Widhyawan optimistis potensi CCS karena kebutuhan penyimpanan karbon mulai muncul dari negara tetangga. 

Dia mencontohkan Singapura sudah tidak bisa mengakomodasi pembuatan data center rendah karbon karena keterbatasan lahan. Maka itu mereka mengupayakan impor listrik dari Energi Baru Terbarukan (EBT) dari Indonesia. 

Kelak pasokan listrik bersih yang diimpor dari Indonesia tidak mencukupi kebutuhan mereka, Singapura dapat menginjeksikan emisi karbonnya ke Indonesia.

Akademisi Ekonomi Energi dari Universitas Pertamina, Rinto Pudyantoro menduga masuknya perusahaan hulu migas ke bisnis CCS karena mempertimbangkan hal politis yang lebih besar.  

“Bisa jadi dengan CCS mereka bisa mendapatkan pinjaman bank di mana saat ini perbankan harus menunjukkan portofolio hijaunya,” jelasnya. 

Di sisi lain, perusahaan yang bergerak di bisnis fosil mendapatkan tuntutan besar untuk membela ekonomi hijau.
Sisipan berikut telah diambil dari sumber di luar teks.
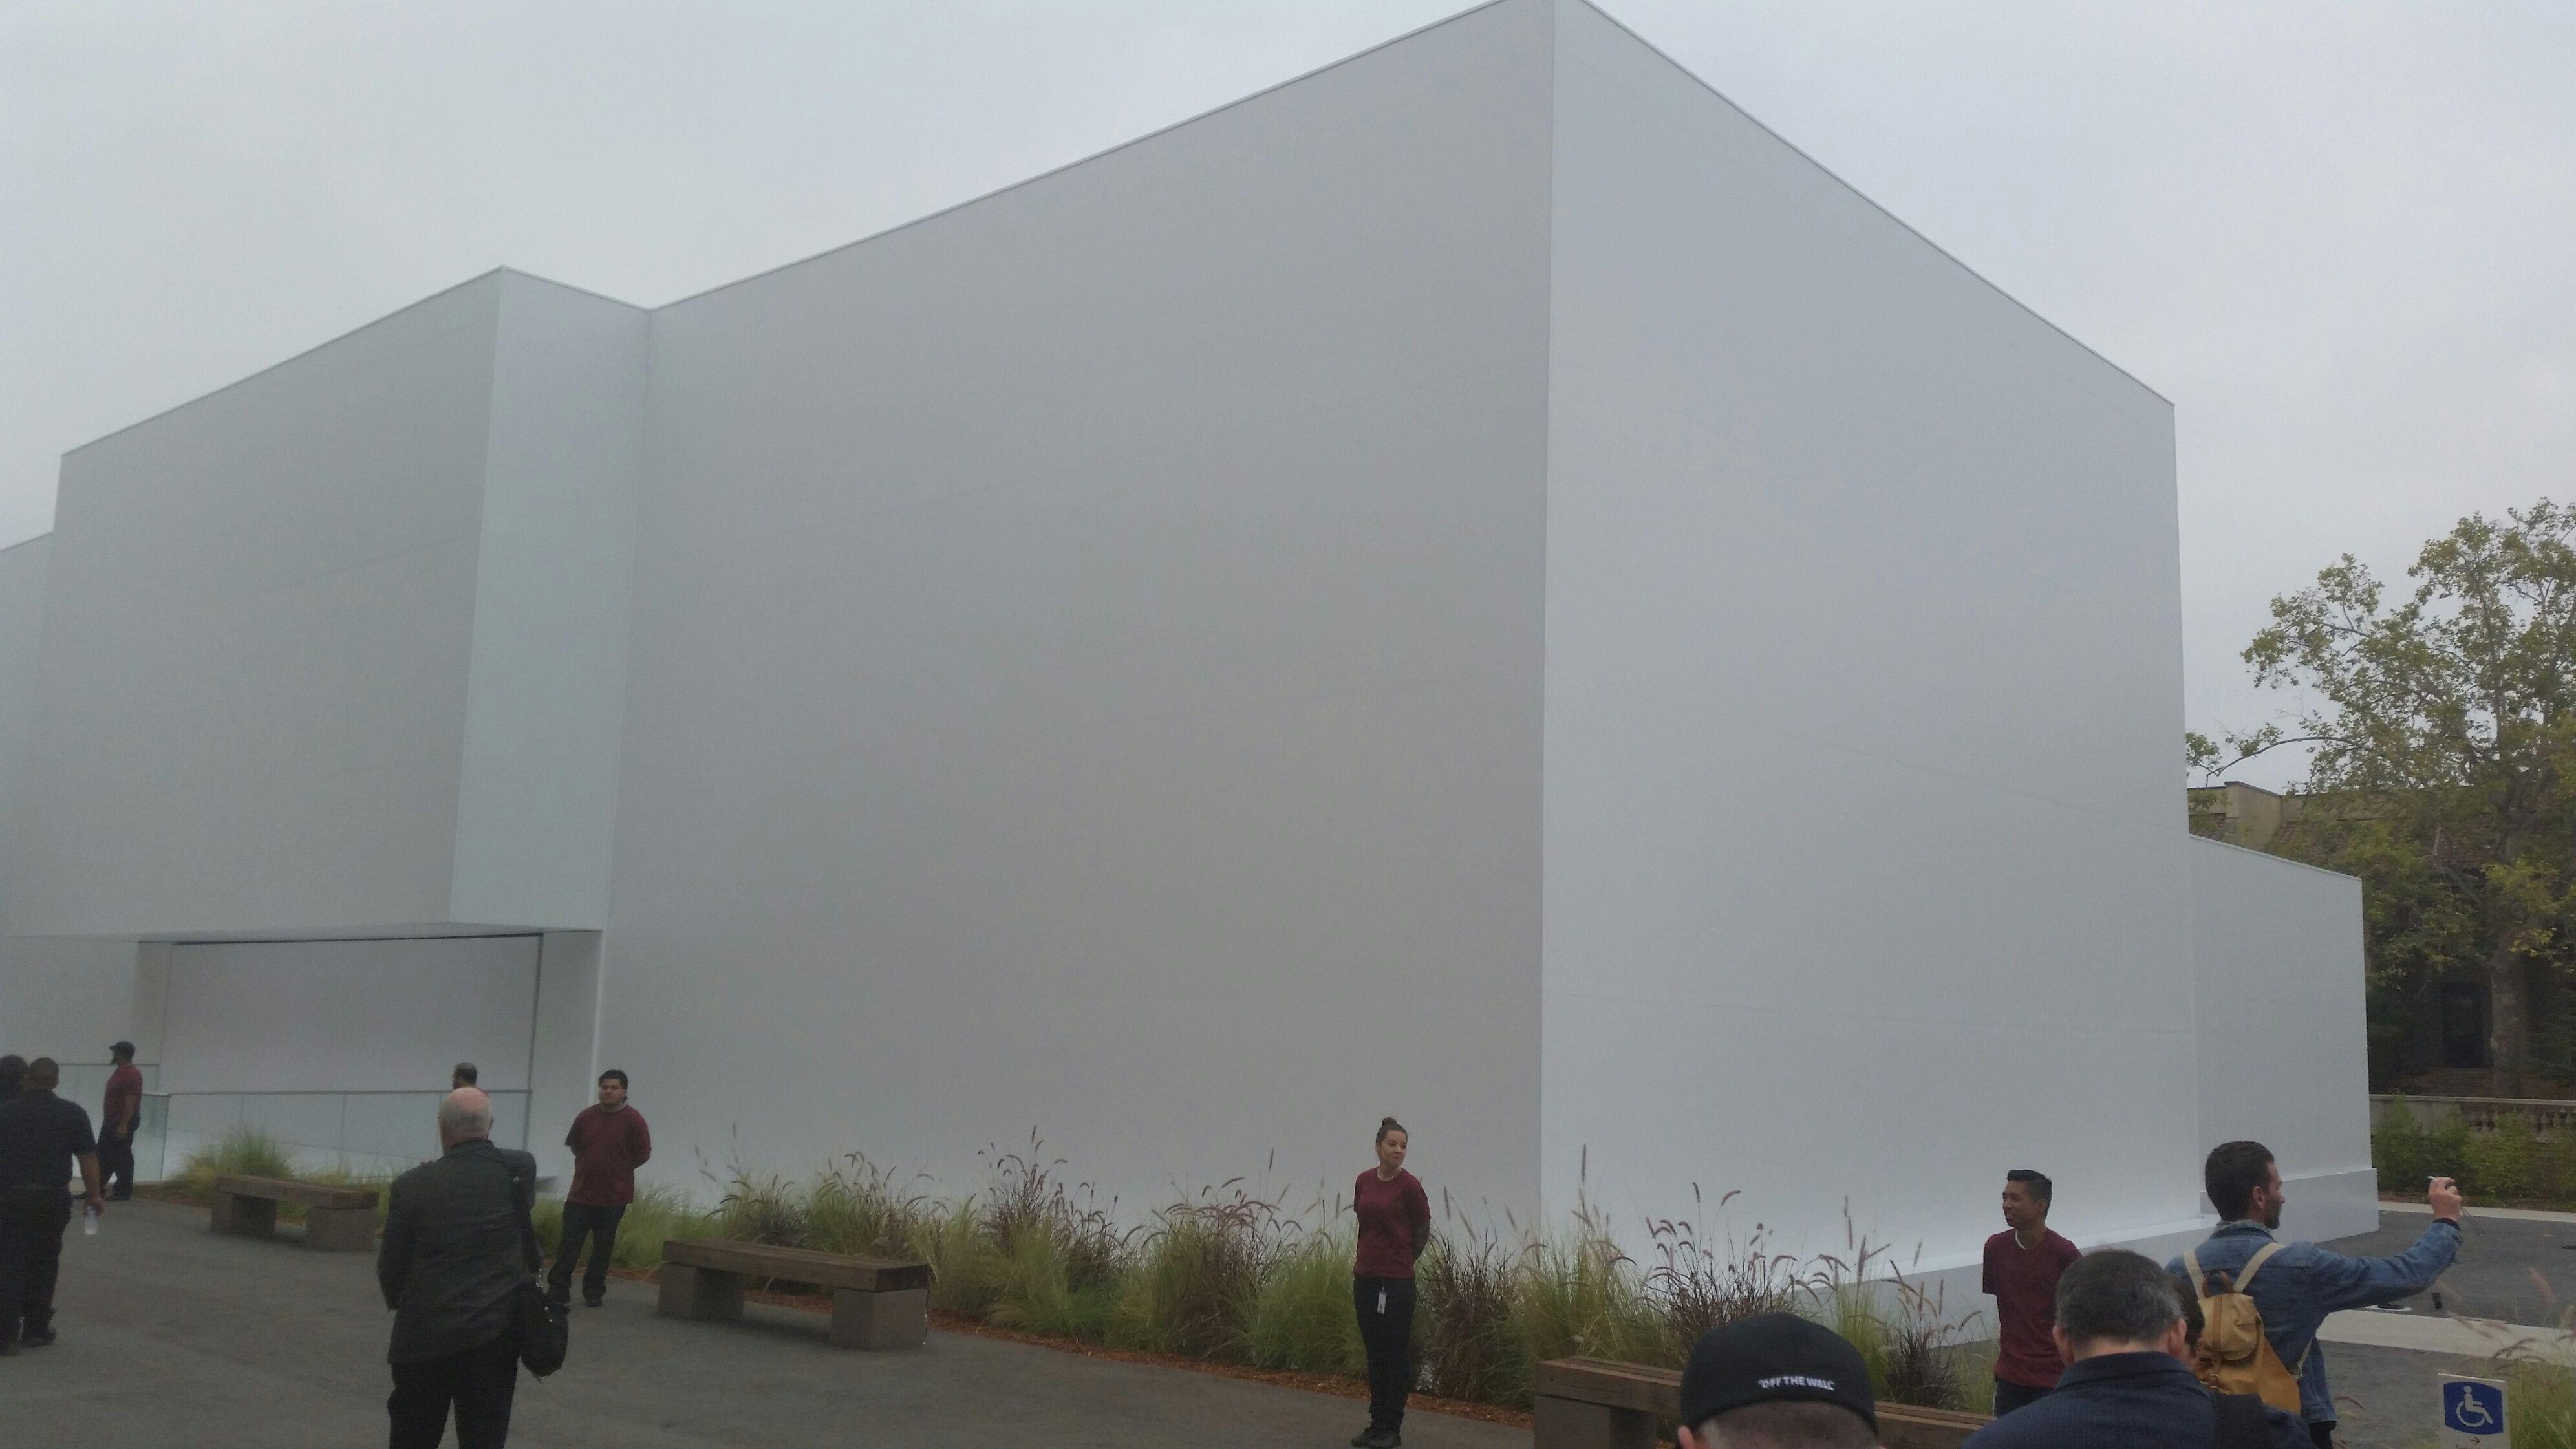 Denne bygningen har Apple satt opp for anledningen. Hva skjer på innsiden?Foto: Finn Jarle Kvalheim, Tek.no

Nah, bisnis penyimpanan karbon ini juga bisa menaikkan nilai (value) Perusahaan yang pro terhadap lingkungan. 

Managing Director & Partner at Boston Consulting Group (BCG), Lenita Tobing menjelaskan dalam konteks global pasar CCS diprediksi akan tumbuh lebih dari US$ 130 miliar di 2030 dan tumbuh eksponensial di dekade berikutnya. 

Dalam materi paparannya, proyeksi pasar CCS global mencapai US$ 134 miliar di 2030 dan naik menjadi US$ 440 miliar di 2040. Peluang bisnis ini didominasi dari aktivitas penangkapan (capture), diikuti penyimpanan (storage), dan transportasi. 

Baca Juga: Investasi Mahal, Pengembangan CCS Butuh Banyak Bantuan dari Pemerintah

Nah, Indonesia sendiri memiliki kapasitas penyimpanan yang sangat besar dan cukup untuk mendekarbonisasi ASEAN, Jepang, dan Korea Selatan. 

“Di ASEAN sendiri total emisi karbon di 2022 sebanyak 1,7 Giga ton per annum (GTPA). Kemudian di Jepang potensinya 0,7 GPTA, Korea Selatan 0,5 GTPA, dan Indonesia 0,9 GTPA berdasarkan target pemerintah di 2030,” ujarnya belum lama ini. 

Selain kapasitas penyimpanan yang cukup besar, Indonesia juga mempunyai keunggulan lain, yaitu kedekatan lokasi sehingga memungkinkan pengangkutan karbon yang relatif murah.

Terkait permintaan penyimpanan karbon ini, lanjutnya, akan terus didiskusikan dan dinegosiasikan dengan negara tetangga.